Output the data below in full, byte for byte. Nothing may differ.

▼

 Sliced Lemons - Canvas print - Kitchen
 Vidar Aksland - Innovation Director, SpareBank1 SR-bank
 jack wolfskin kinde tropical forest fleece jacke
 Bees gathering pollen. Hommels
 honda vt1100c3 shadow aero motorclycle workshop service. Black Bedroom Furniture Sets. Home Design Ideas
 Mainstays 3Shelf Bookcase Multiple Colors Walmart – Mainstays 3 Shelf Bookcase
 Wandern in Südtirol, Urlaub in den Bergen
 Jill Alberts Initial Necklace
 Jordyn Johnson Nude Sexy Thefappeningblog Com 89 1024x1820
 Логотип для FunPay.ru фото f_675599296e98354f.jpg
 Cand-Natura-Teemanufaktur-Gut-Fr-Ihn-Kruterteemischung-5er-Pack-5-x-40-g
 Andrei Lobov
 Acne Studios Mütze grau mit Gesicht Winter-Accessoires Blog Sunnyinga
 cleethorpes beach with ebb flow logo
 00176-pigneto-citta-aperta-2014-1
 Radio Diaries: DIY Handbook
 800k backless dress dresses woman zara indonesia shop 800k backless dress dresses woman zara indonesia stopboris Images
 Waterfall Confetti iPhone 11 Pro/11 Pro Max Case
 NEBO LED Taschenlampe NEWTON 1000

▲

**Solution to the problem:**
 Sliced Lemons - Canvas print - Kitchen
 Vidar Aksland - Innovation Director, SpareBank1 SR-bank
 jack wolfskin kinde tropical forest fleece jacke
 Bees gathering pollen. Hommels
 honda vt1100c3 shadow aero motorclycle workshop service. Black Bedroom Furniture Sets. Home Design Ideas
 Mainstays 3Shelf Bookcase Multiple Colors Walmart – Mainstays 3 Shelf Bookcase
 Wandern in Südtirol, Urlaub in den Bergen
 Jill Alberts Initial Necklace
 Jordyn Johnson Nude Sexy Thefappeningblog Com 89 1024x1820
 Логотип для FunPay.ru фото f_675599296e98354f.jpg
 Cand-Natura-Teemanufaktur-Gut-Fr-Ihn-Kruterteemischung-5er-Pack-5-x-40-g
 Andrei Lobov
 Acne Studios Mütze grau mit Gesicht Winter-Accessoires Blog Sunnyinga
 cleethorpes beach with ebb flow logo
 00176-pigneto-citta-aperta-2014-1
 Radio Diaries: DIY Handbook
 800k backless dress dresses woman zara indonesia shop 800k backless dress dresses woman zara indonesia stopboris Images
 Waterfall Confetti iPhone 11 Pro/11 Pro Max Case
 NEBO LED Taschenlampe NEWTON 1000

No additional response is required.